Я понял. Служебный путь важен, даже если ты работаешь в Музее армии.
— Чертовски мило с твоей стороны. Я никогда не назову твоего имени. Так на что ж ты наткнулся?
— У нас проводится сейчас исследование о шведах, участвовавших в войне на стороне Гитлера. Не мы непосредственно, а один исследователь пользуется нашим архивом. Я говорил с ним, проглядел его документы, — и он замолк.
— Ну и?..
— Оказывается, несколько сотен шведов служили в немецкой армии во время войны.
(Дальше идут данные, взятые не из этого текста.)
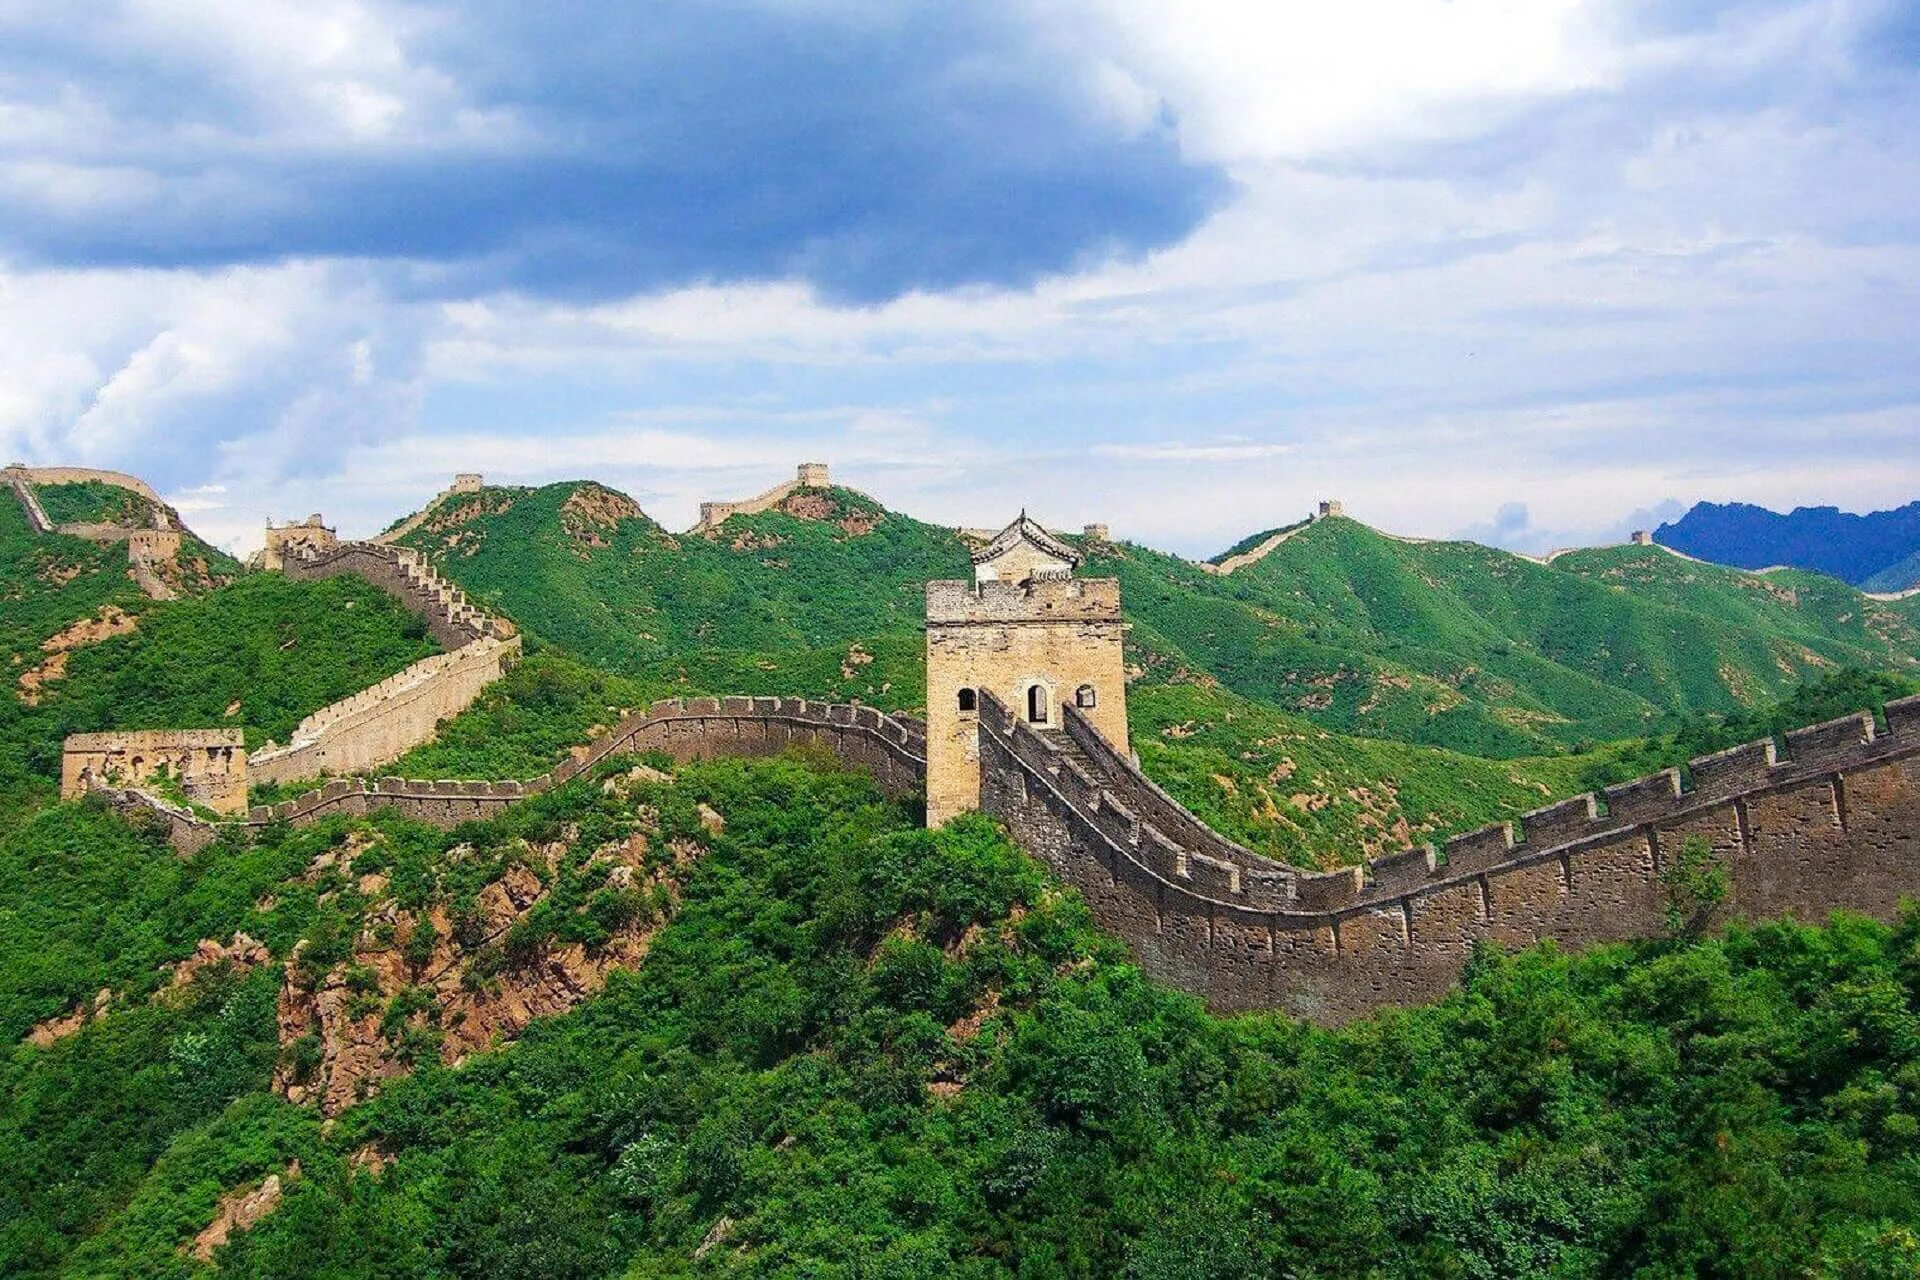 Китайская стена достопримечательность. Великая китайская стена. Бадалин Пекин. Пекин китайская стена. 2. Великая китайская стена, Китай.
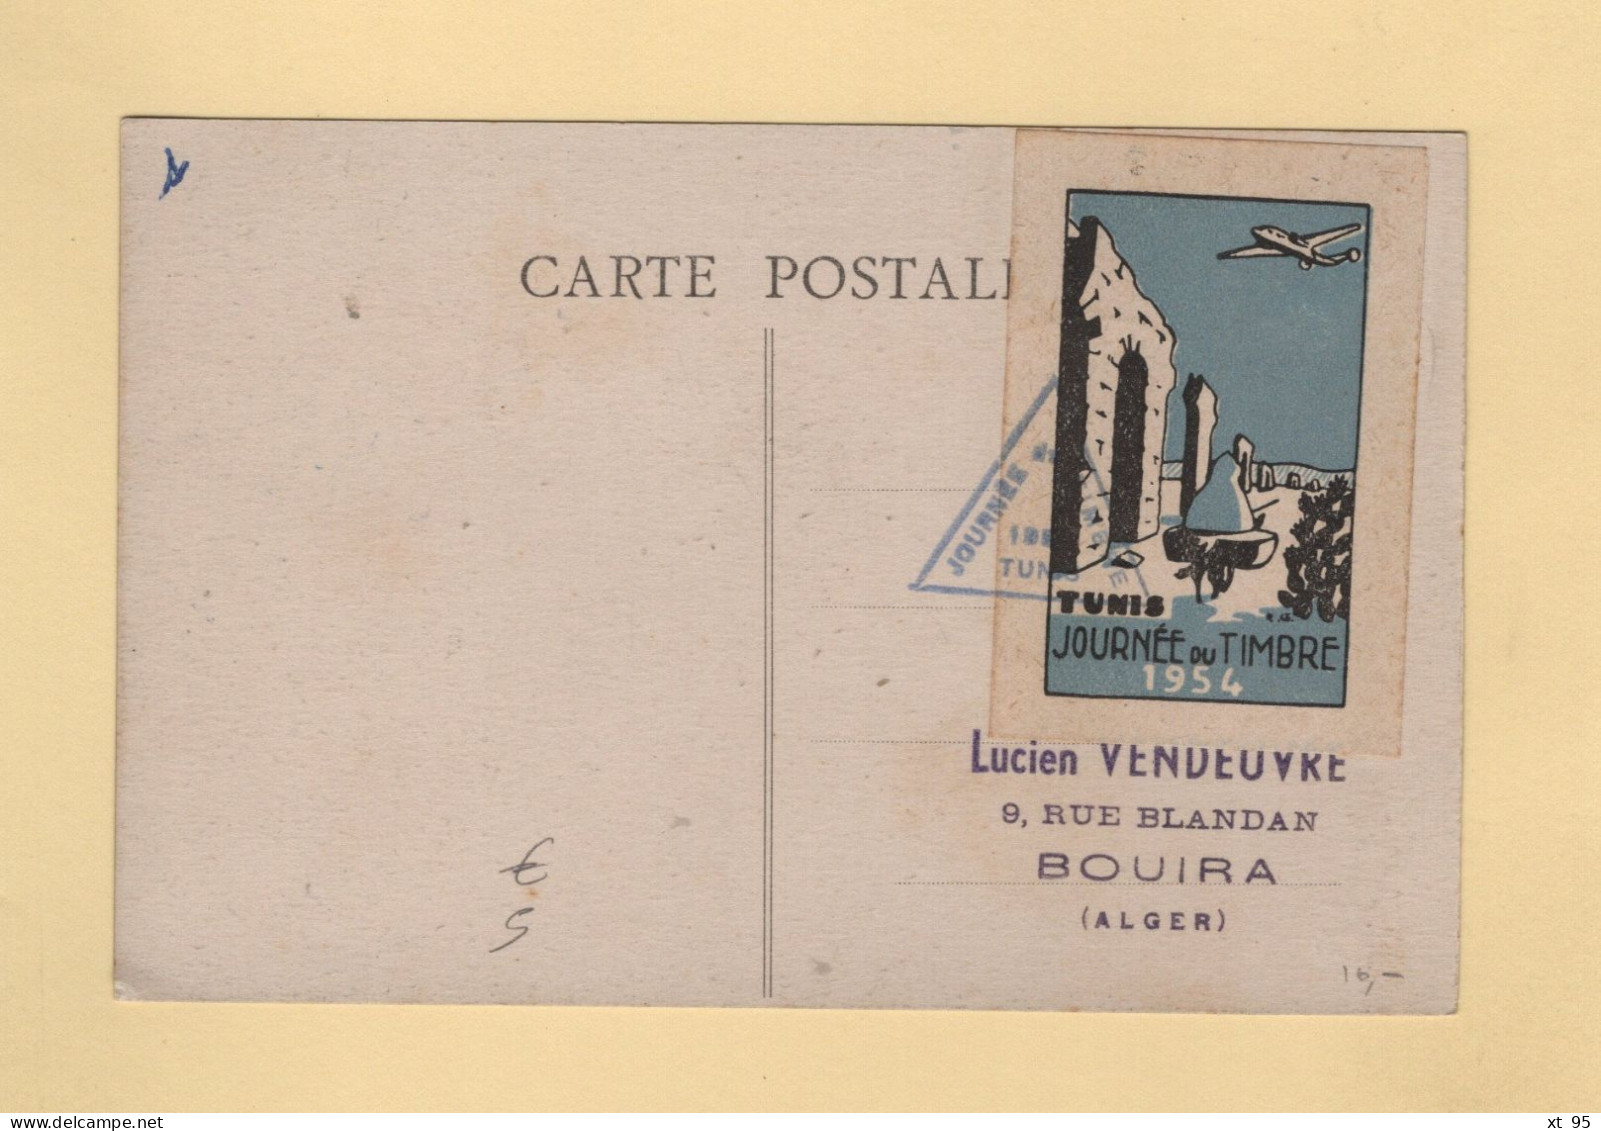 Tunisie - Journee Du Timbre - 1954 - Vignette Au Dos - Storia Postale

Большинство из них — младший командный состав, молодые парни, дравшиеся против мирового коммунизма и наивно верившие в свою непогрешимость. Хотя чаще всего — жажда авантюризма. Они получили образование в Германии, а потом как пушечное мясо были отправлены на Восточный фронт. Здесь они сначала поступали в танковую дивизию СС «Викинг». Потом большинство из них были переведены в дивизию СС «Нурдланд».
— Прости, что ты сказал?
— «Нурдланд», дивизия СС «Нурдланд».
Вдруг я снова оказался в столовой Халлингов. Мягкий отблеск горячих языков пламени, возбужденные гости. Смех, звон бокалов. И голос Густава. Ясный и холодный. «Наша героическая Нурдланд[14], барьер против варварства».
— Алло, — послышался голос. — Куда ты исчез?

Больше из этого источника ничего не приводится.